Наконец беспомощные невнятные повторения имени Уотсона перешли в жалобные хныканья, и доктор с трудом сглотнул. Господи, он был на грани оргазма, всё тело требовало не останавливаться, толкаться, довести дело до конца, но он стиснул зубы и отодвинулся, боясь сделать Шерлоку неприятно. Лицо и шея Холмса были покрыты ярким румянцем, и Уотсон поймал себя на неуместной мысли, что по цвету они почти полностью слились с ярко-розовой подушкой, которая ночью свалилась на пол. Затем Шерлок глубоко вздохнул и открыл глаза, слегка приподняв уголки губ, и доктор больше не мог думать ни о чём другом.

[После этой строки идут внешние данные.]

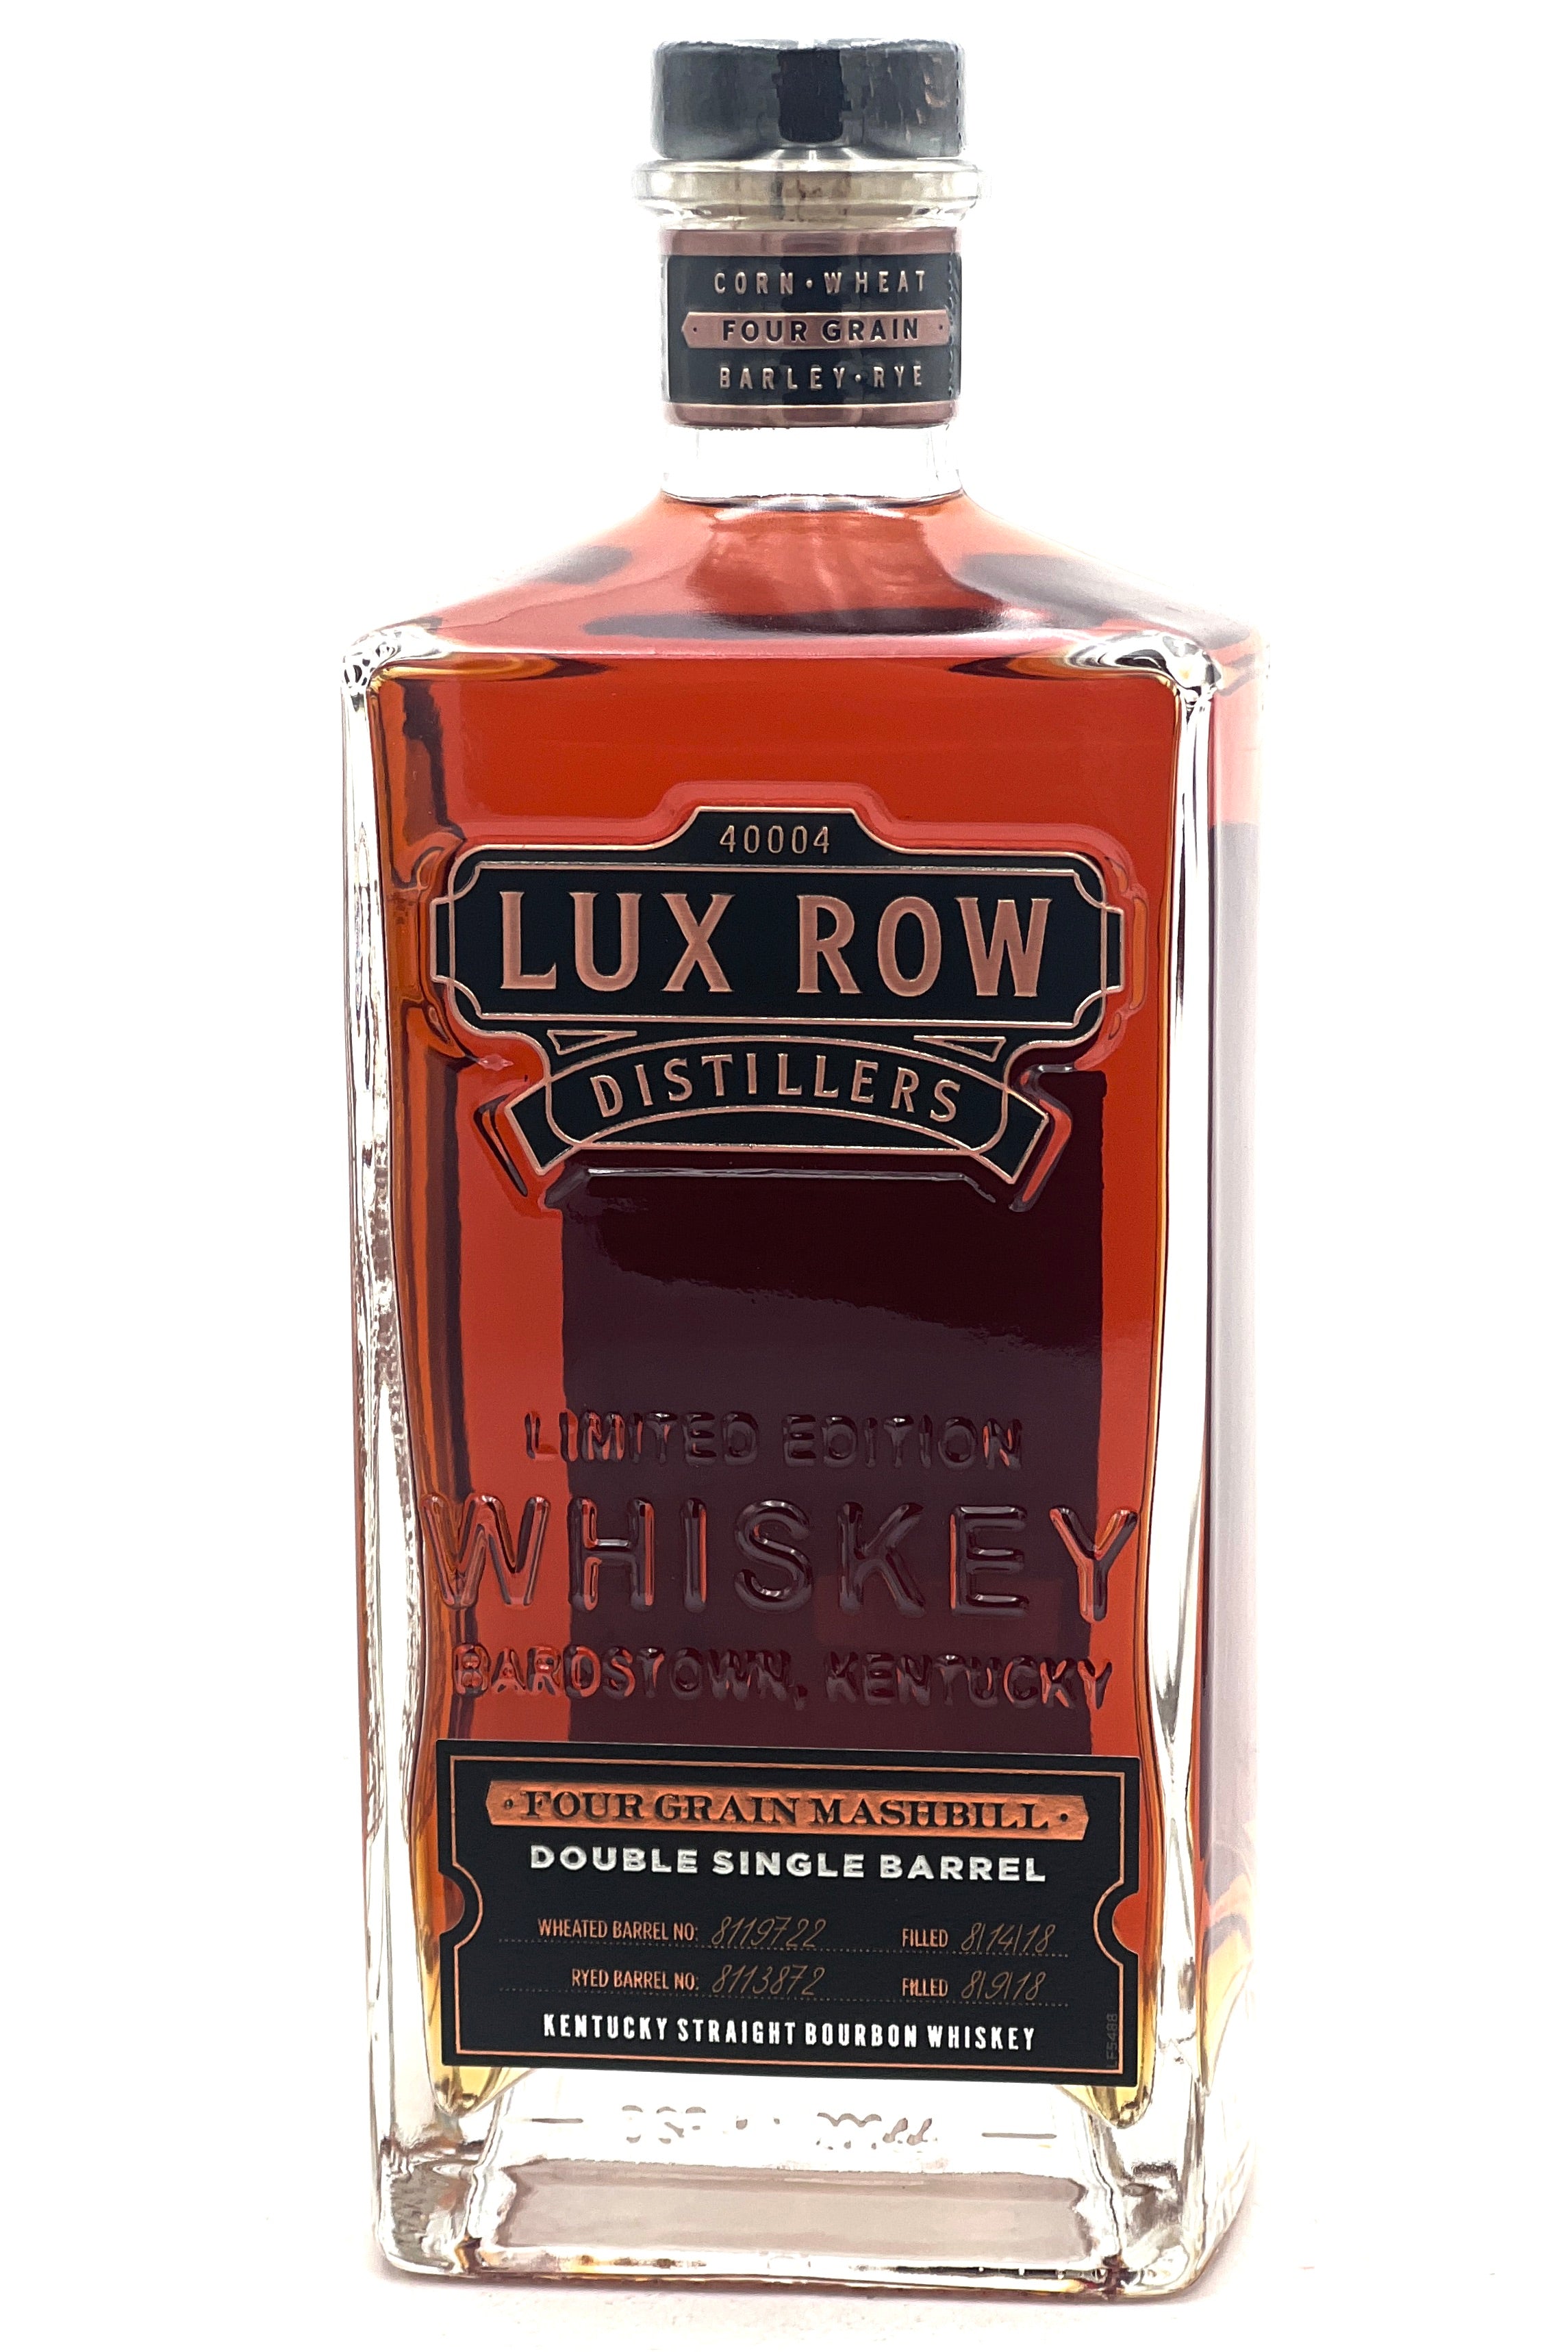 Cocktails - Lux Row Distillers

Улыбки Шерлока были столь разнообразны, как сам Лондон, и Джон не был уверен, что видел все их версии. Была у детектива улыбка одержимого, когда он брался за новое расследование и полностью в него погружался; ещё была искусственная улыбка одними губами, предназначенная для полицейских, влезших с глупыми замечаниями; была и такая, которую Джон впервые увидел прошлым вечером в зимнем саду после того, как похвалил семью Шерлока — самодовольная и счастливая, и прячущая лёгкое смущение. Но улыбка, которой он любовался сейчас, была прекрасной, поразительно невинной и абсолютно непохожей ни на какие другие. Уотсон вспомнил, как впервые увидел ночное небо посреди пустыни и был ошарашен подавляющим великолепием созвездий, рассыпанных по бархатистому мраку, в которых было столько звёзд, сколько он и представить себе не мог.